The height of the censorship came on April 22 when a video called Voices of April appeared on Chinese social media.
A collection of audio recordings played against the backdrop of a black-and-white aerial view of an empty Shanghai, Voices of April chronicled the ordeal the city was going through in roughly six minutes, capturing the raw emotions of life under lockdown in the once-bustling city.
“Give us supplies,” confined residents shout from their windows.
“Can I please have some antipyretic drugs? My child is running a high fever, but hospitals are not giving us fever reducers,” another woman was heard knocking from one door to another.
“The virus won’t kill us, but hunger will,” a man says.
“What if there is a fire?
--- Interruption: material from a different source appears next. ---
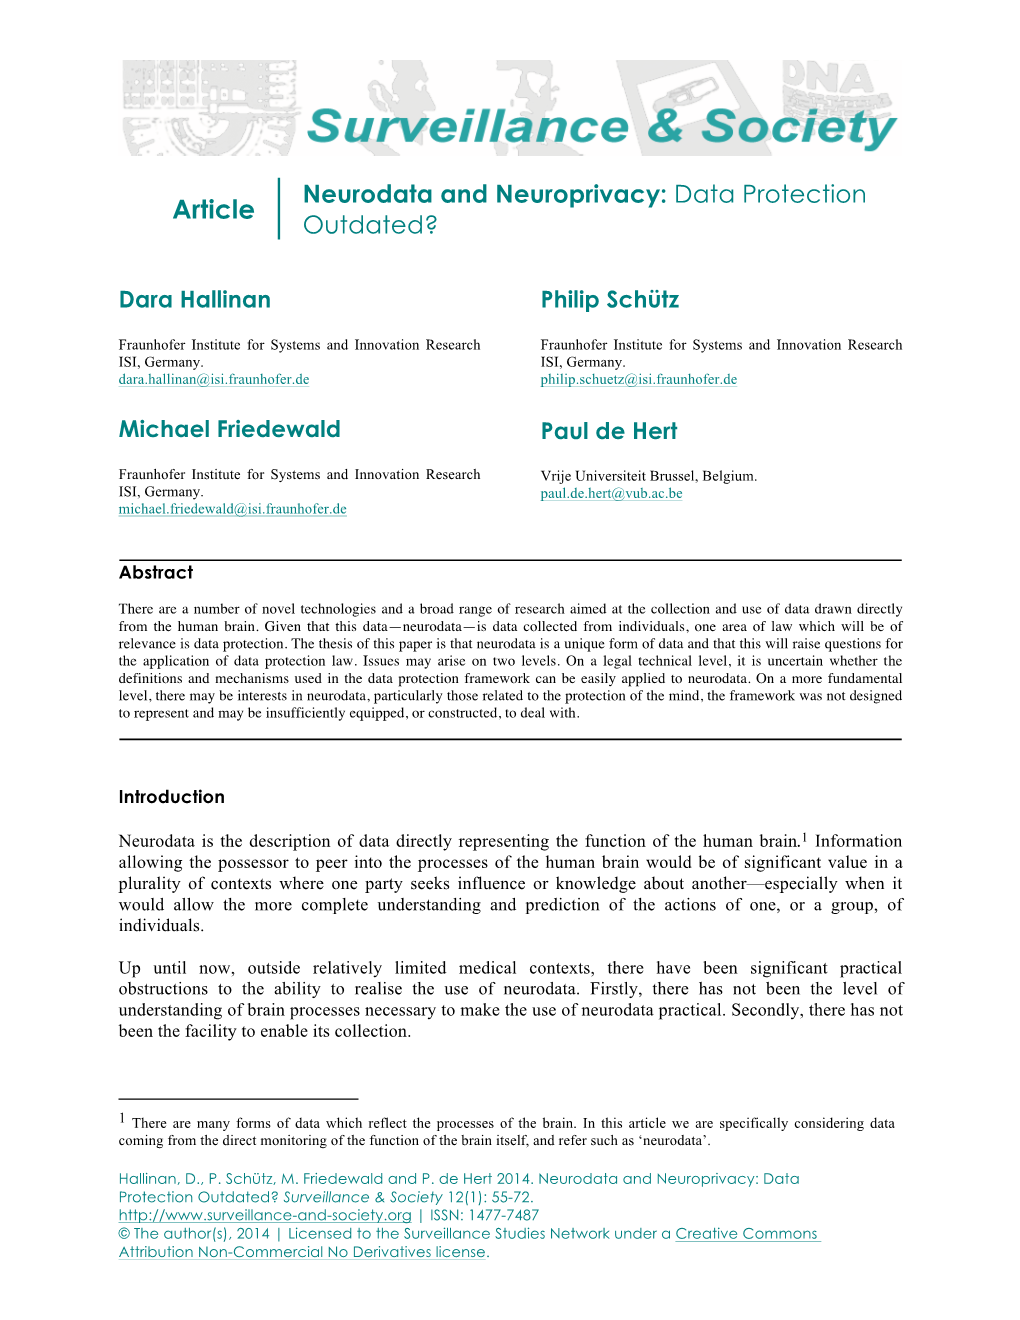 Neurodata and Neuroprivacy: Data Protection Article Outdated?

What do we do?” another one shouts, audibly upset by the fences put around his neighbourhood compound, with the apparent aim of not allowing anyone in or out.
“I’m really sorry, sir. I have called all the numbers I could, and there is nothing I can do. I’m sorry,” one local official sighed as he talked to a resident who complained about the lockdown.
The heart-wrenching video was soon deleted across the internet in China even as it continued to make the rounds on Twitter and Instagram – two platforms that are blocked in mainland China.
For an extended period, nearly all articles and posts shared on WeChat Moments Feed, the rough equivalent of Facebook Feed, carried the tag of “unviewable” because they “violated rules”.
As April drew to a close, more than 12 million people in Shanghai were told on Friday they would be able to leave their homes – under certain conditions. However, more than five million remain under strict lockdown, and there is little sign of the much-vaunted ‘normal life’ that the Chinese government has long boasted was possible because of its ‘zero COVID’ strategy.
“You should feel lucky that you are living in China during the pandemic,” Zhao Lijian, the spokesperson for the Foreign Affairs Ministry, told a room of reporters during a press conference late last year as the rest of the world battled surging cases.
Amid the outbreak in Shanghai and the emergence of small clusters of infections in Beijing, many Chinese residents no longer feel so lucky.
As authorities in Beijing announced mass testing, the lockdown-scarred residents of Shanghai had a warning for people in the capital.
“Please stock up your fridge now, leave Beijing now if you can, and no matter what, don’t believe everything the government tells you,” Ding, a Shanghai resident, wrote on her WeChat soon after the campaign was announced.